Exercise material:
________________________

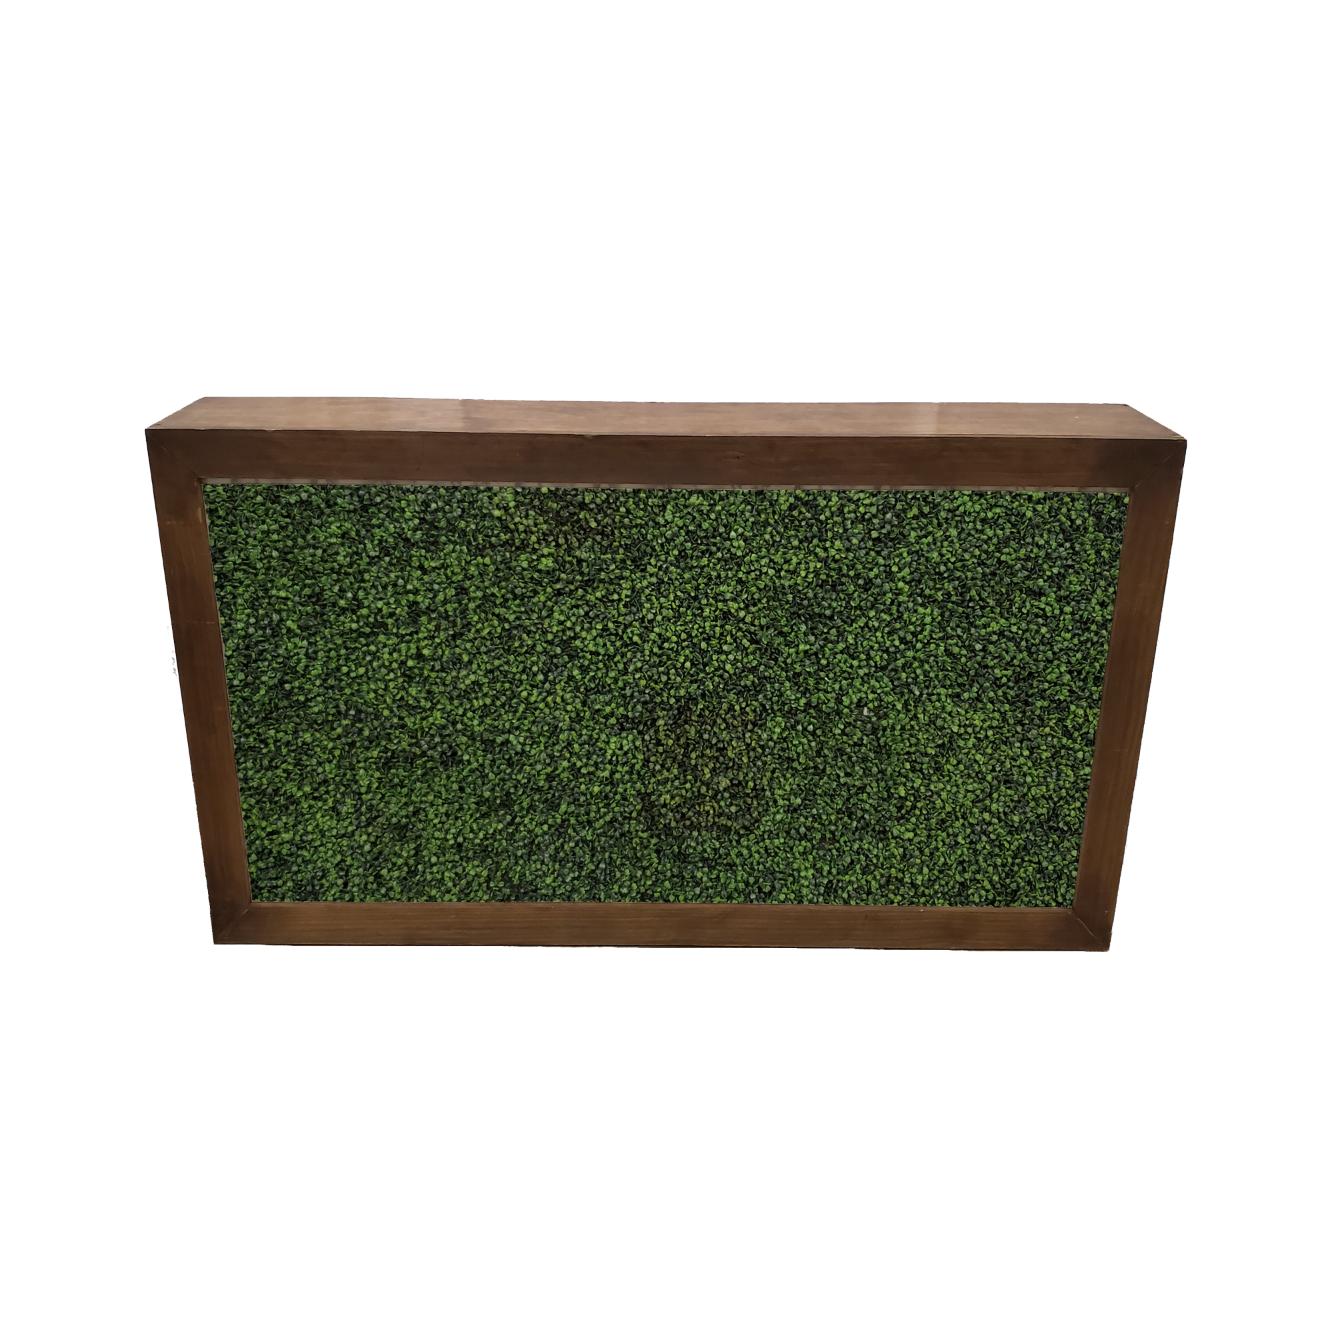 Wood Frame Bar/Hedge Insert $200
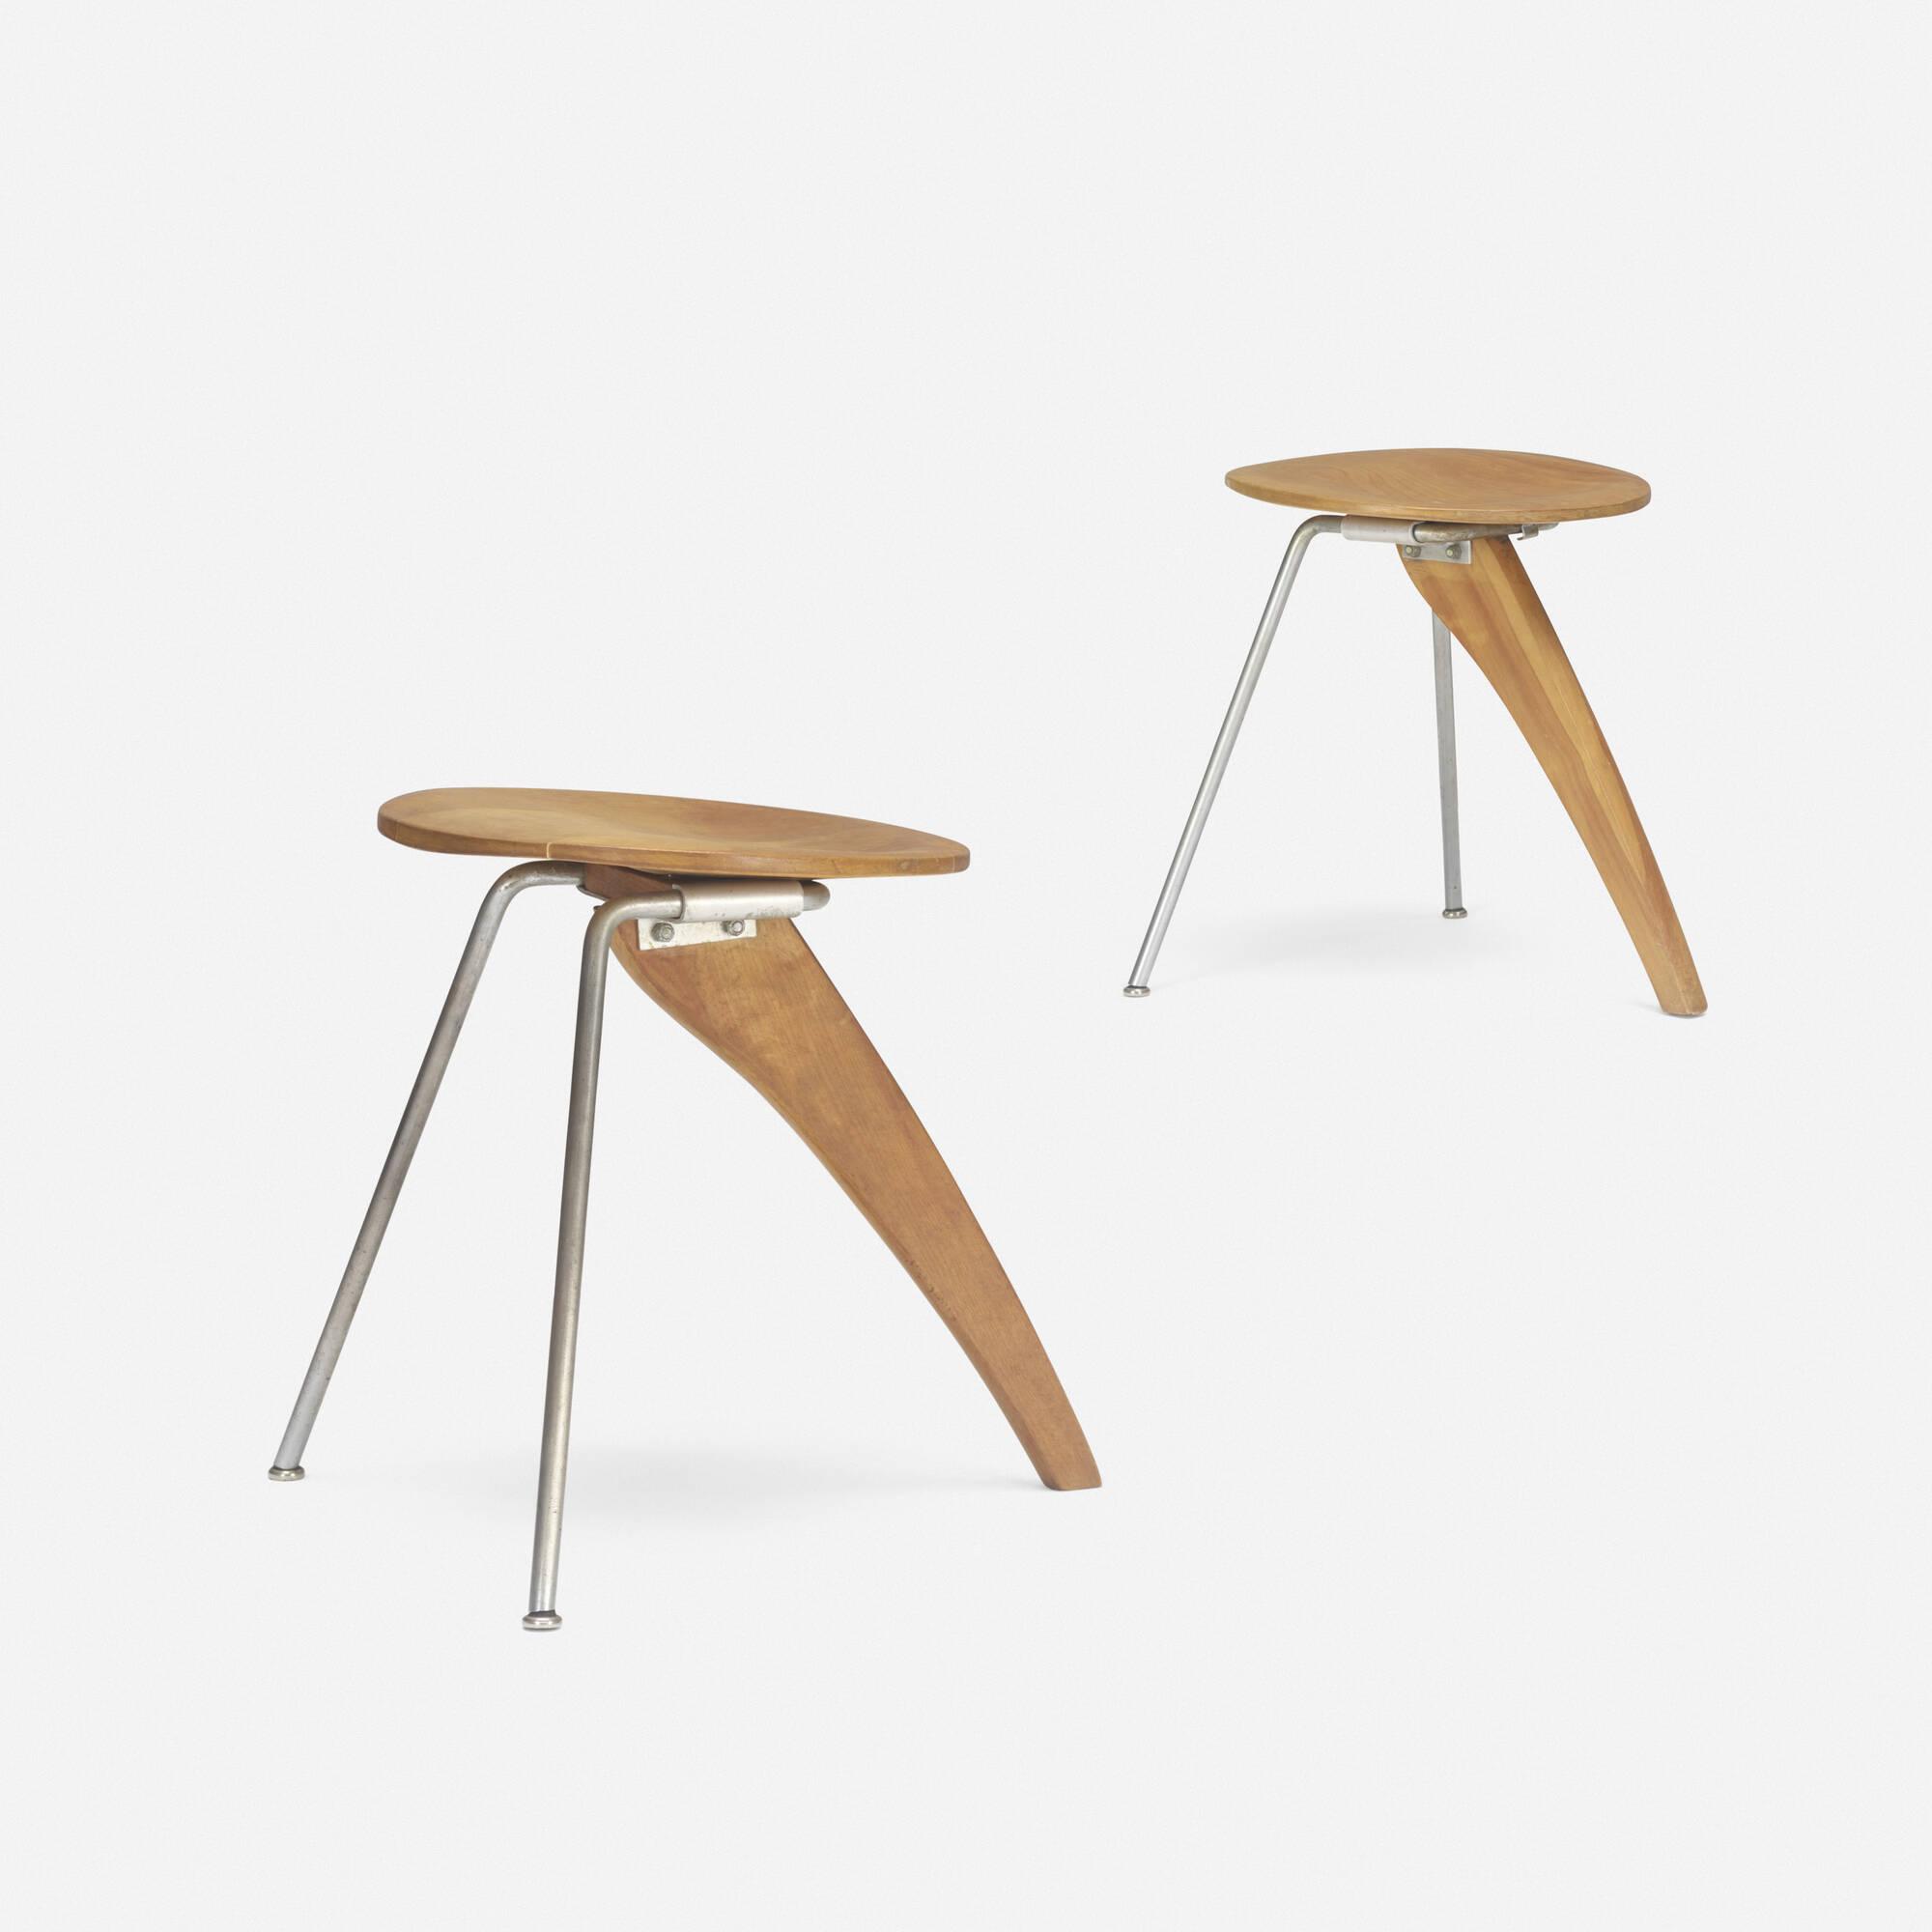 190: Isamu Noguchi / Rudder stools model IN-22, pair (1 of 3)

________________________

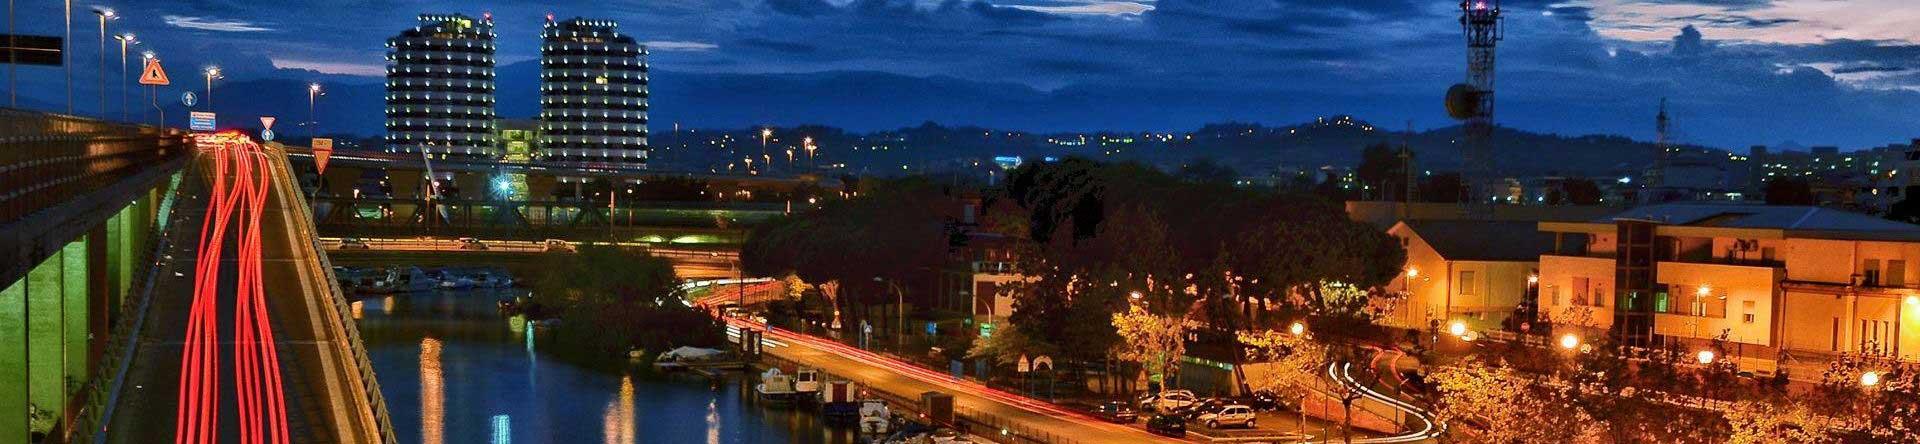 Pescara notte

________________________

Instructions for the task:
Once the line with "Wood Frame Bar/Hedge Insert $200" is found above, transcribe each line from it through the line with "190: Isamu Noguchi", exactly, and omit the pictures.

Response area:
 Wood Frame Bar/Hedge Insert $200
 190: Isamu Noguchi / Rudder stools model IN-22, pair (1 of 3)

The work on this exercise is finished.